Em outro estudo sobre a dor no câncer, carvacrol complexado em β–ciclodextrina (CARV-βCD) foi administrado (50 mg/kg;v.o) em ratos com tumor na pata traseira e foi capaz de reduzir a hiperalgesia durante 24 h, ao contrário do carvacrol não complexado (100 mg/kg, v.o), que promoveu redução de hiperalgesia por apenas 9 h. A administração em dias alternados do complexo CARV-βCD (12,5 e 50 mg/kg, v.o) reduziu a hiperalgesia diferente do carvacrol isolado que não causou alterações significativas nas respostas nociceptivas. Estes resultados evidenciam que a encapsulação de carvacrol em β-ciclodextrina pode ser útil para o desenvolvimento de novas opções terapêuticas para o manejo da dor (GUIMARÃES et al., 2015) e outras patologias.
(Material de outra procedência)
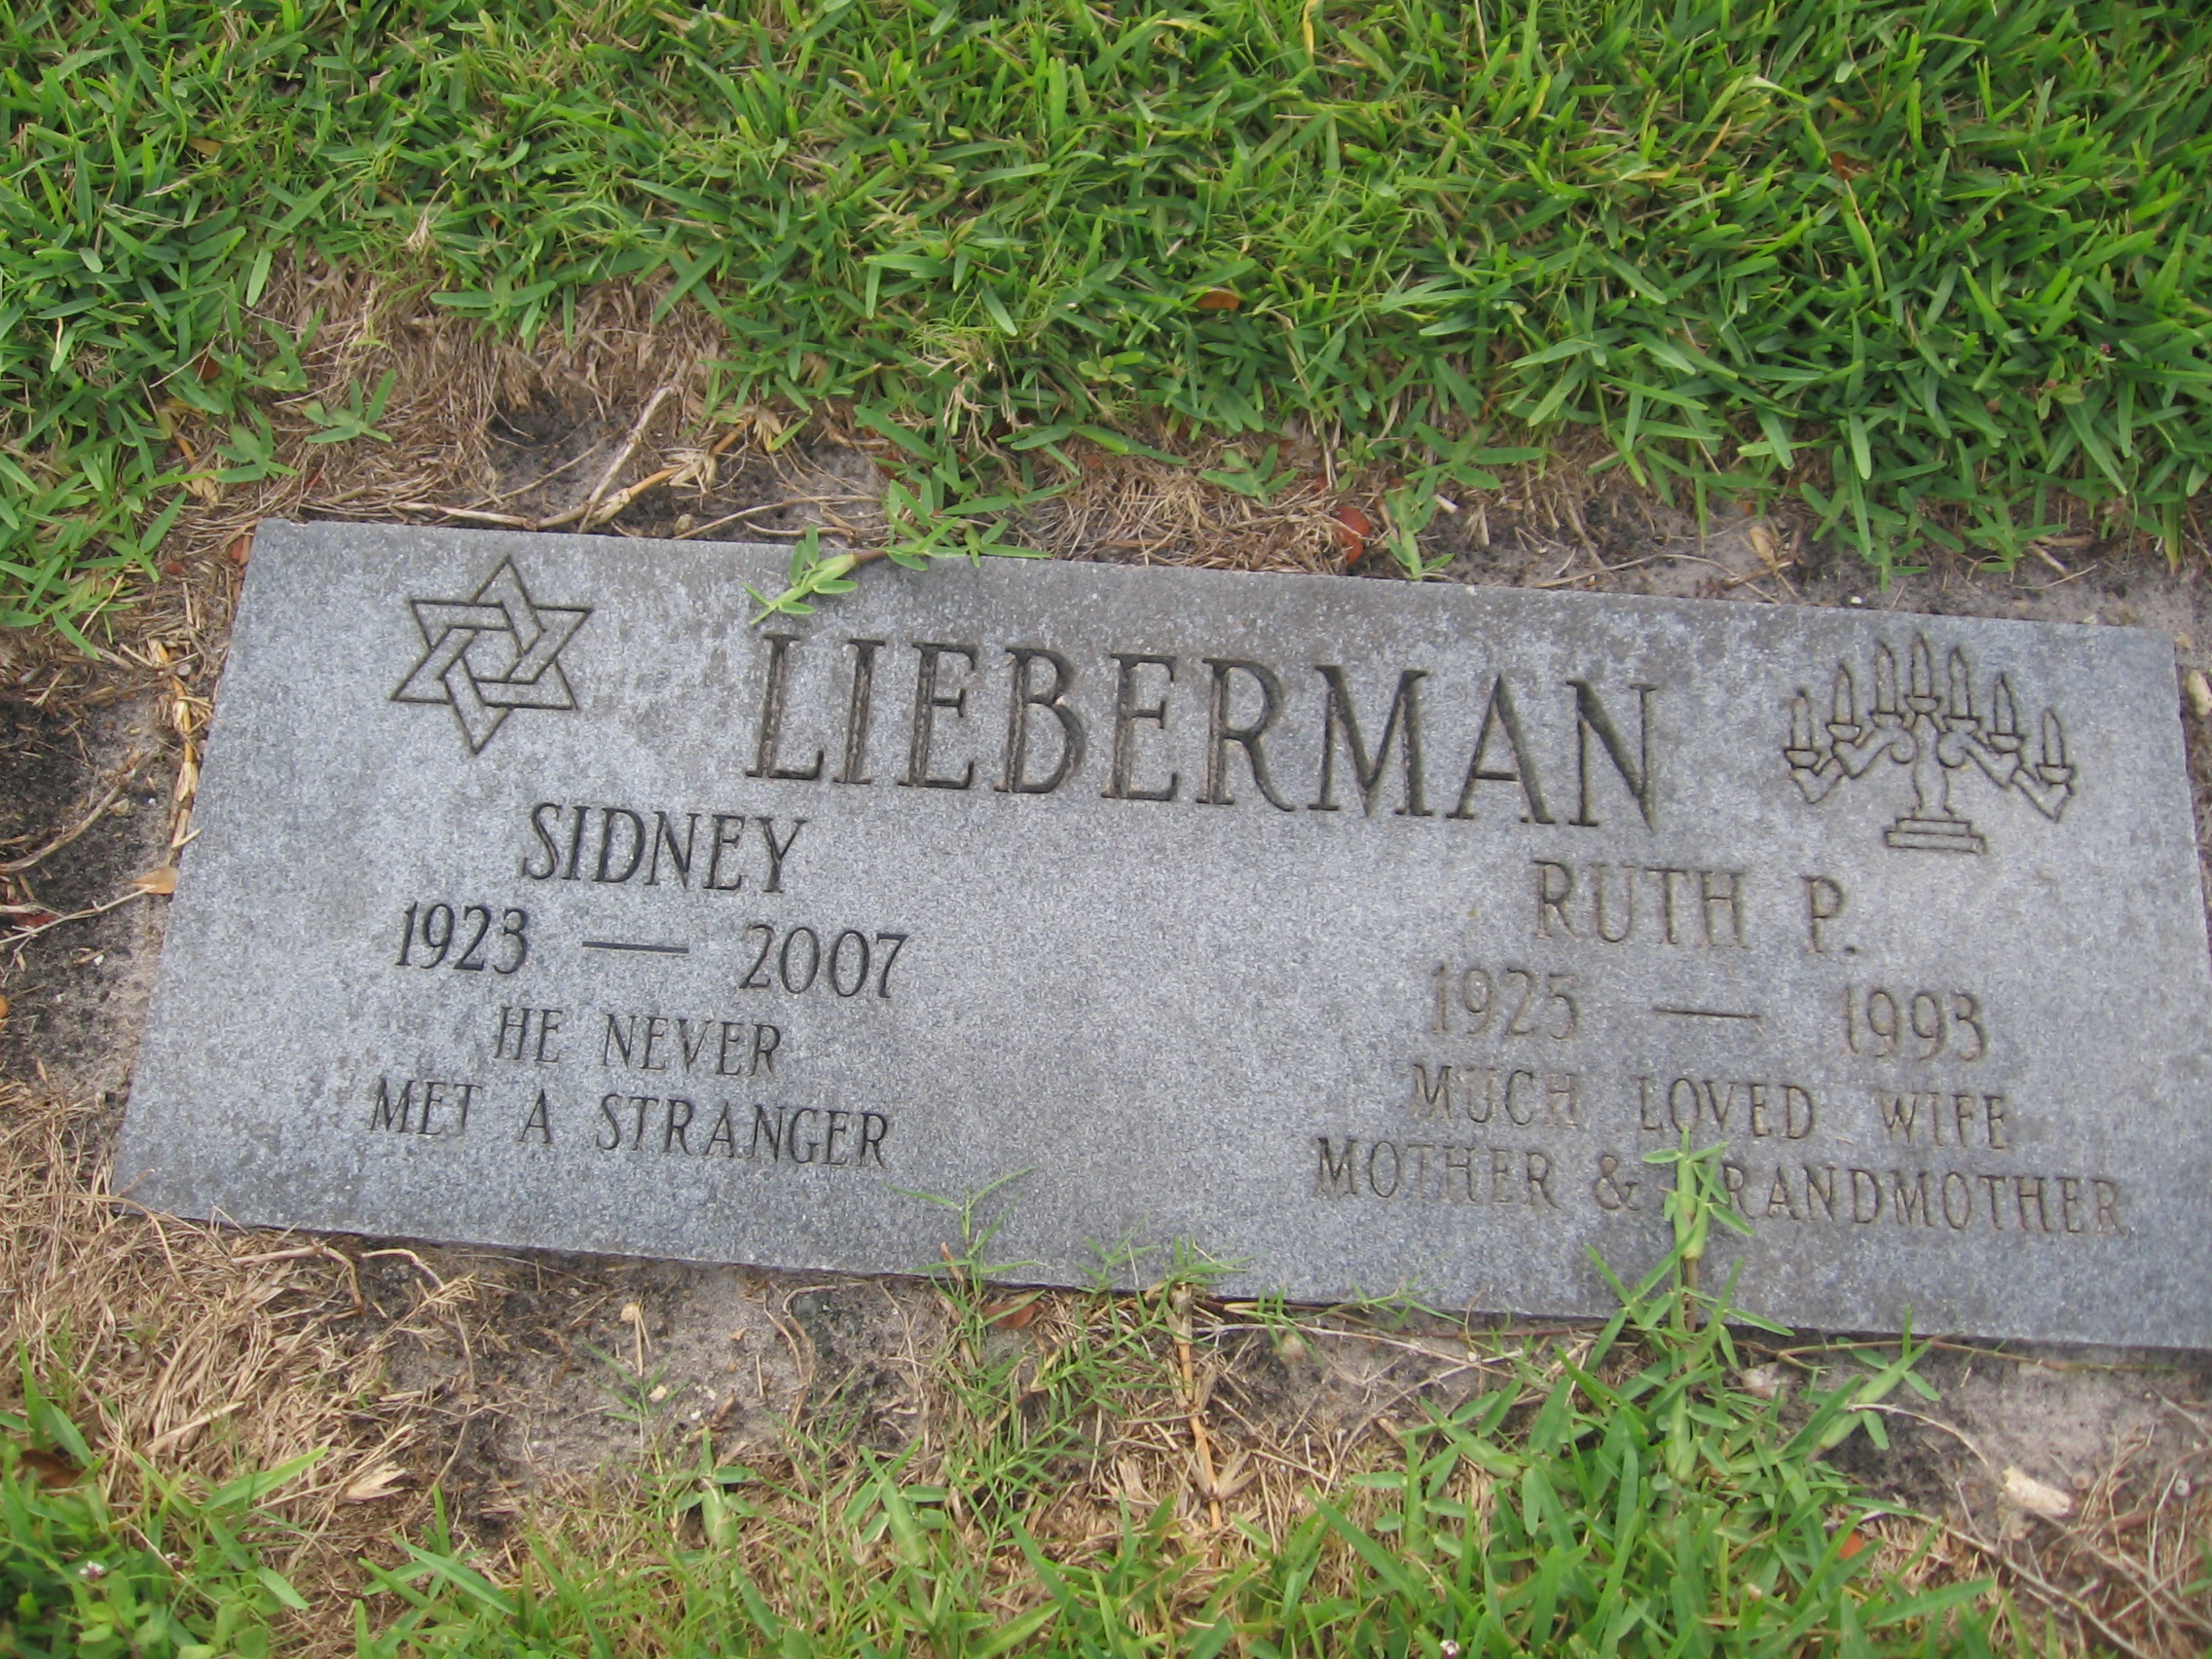 Sidney Lieberman

Portanto, com base nos resultados já encontrados na literatura sobre monoterpenos e sua incorporação em complexos de inclusão, e sabendo que não foram encontrados estudos sobre o possível efeito gastroprotetor do (-)-linalol ou de seu complexo com β-ciclodextrina (LIN-βCD), bem como do carvacrol incorporado em β-CD (CARV-βCD) em modelos de úlceras experimentais agudas ou crônicas em roedores, o presente estudo buscou determinar o possível efeito gastroprotetor e cicatrizante destes monoterpenos não complexados e incorporados em β-ciclodextrinas, assim como os mecanismos de ação envolvidos no efeito evidenciado, podendo, futuramente, se tornarem moléculas promissoras no desenvolvimento de novas propostas terapêuticas para o tratamento de úlceras gástricas.